It's not widely known, but the landmass of Lewis and Harris - different communities divided for centuries by a mountain barrier, and still dubbed different isles - is the biggest offshore island in Britain, bigger even than Skye, Mull, Islay, or that matter the Isle of Man or the Isle of Wight. Strongly coloured by its Viking inheritance - most of the placenames in Lewis are Norse; you'll actually find more Gaelic placenames in Fife - Lewis was the strongholds of MacLeod chiefs and MacLeod is still the commonest surname in the island.
The scenery of Lewis is rolling, eerie but subtly beautiful, especially when the sun shines down on the brindled moors between scudding clouds. Though not as treeless as people think, the acres of empty, mysterious heath extend everywhere. There is some spectacular cliff scenery and, especially up Broad Bay and down the West Side from Ness to Uig, there are some gorgeous sandy beaches and, here and there - like Shawbost - stretches of sandy sward, machair, where the lime-rich soil bears millions of lovely flowers on the long, long summer days.
25 South Shawbost is ideally placed for wider afternoon or daytrips round the island or even to Harris in the south - there is now an excellent two-lane road to Tarbert, not much more than an hour away. Don't miss, especially, a ploy to Ness and the Butt of Lewis Lighthouse, or the splendid scenery of quiet, mountainous Uig.
There are famous local attractions near at hand - the Standing Stones of Callanish, and the Broch at Carloway - each has a visitor centre, open throughout the tourist season - and the restored Black House Village at Garenin, with a visitor-centre, working black house, and restaurant.
Not ten minutes drive to the north, do visit the Arnol Black House complex, and its adjoining visitor centre - this particular Black House was vacated by its family only in 1964, but some survived on Lewis, and even in Shawbost, into the 1980s. At Ballantrushal, there is a tall, faintly spooky Standing Stone whose origins and purpose are still obscure; a little further up the road, at Shader, is the Steinaclet steading, which predates even the Norsemen.
Stornoway is just half an hour or so from Shawbost and, as well as its famous natural harbour and a fascinating museum, boasts an excellent selection of shops as well as restaurants, galleries and exhibitions and all the amenities one would expect of the biggest town in the Hebrides and, indeed, anywhere on the west coast north of Fort William.
There are two large supermarkets - indeed, Stornoway's modern Co-op, opened in 1996 and enlarged a decade later, is their biggest in Scotland. Don't neglect traditional traders, though - Stornoway has several craftsman baking shops, and fresh fish and shellfish are easily had from excellent fishmongers. The town kippers and smoked mackerel are just praised, but probably the most famous delicacy is Stornoway black pudding, produced by several family butchers to traditional, jealously guarded recipes.
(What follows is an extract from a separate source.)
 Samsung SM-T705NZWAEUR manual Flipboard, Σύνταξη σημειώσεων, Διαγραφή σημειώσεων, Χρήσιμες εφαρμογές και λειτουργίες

Don't leave the island, either, without buying some Harris Tweed - the traditional, homewoven island cloth of incredible wearing quality and subtle, rustic hues. To this day - and to win the coveted Orb mark that attests the fabric as Harris Tweed - it must be handwoven by islanders in their own homes, and tweed is still woven in Shawbost today.
There is an excellent local bus service, but please remember that virtually all local facilities are closed on Sundays and that the Lord's Day is still widely respected on our island.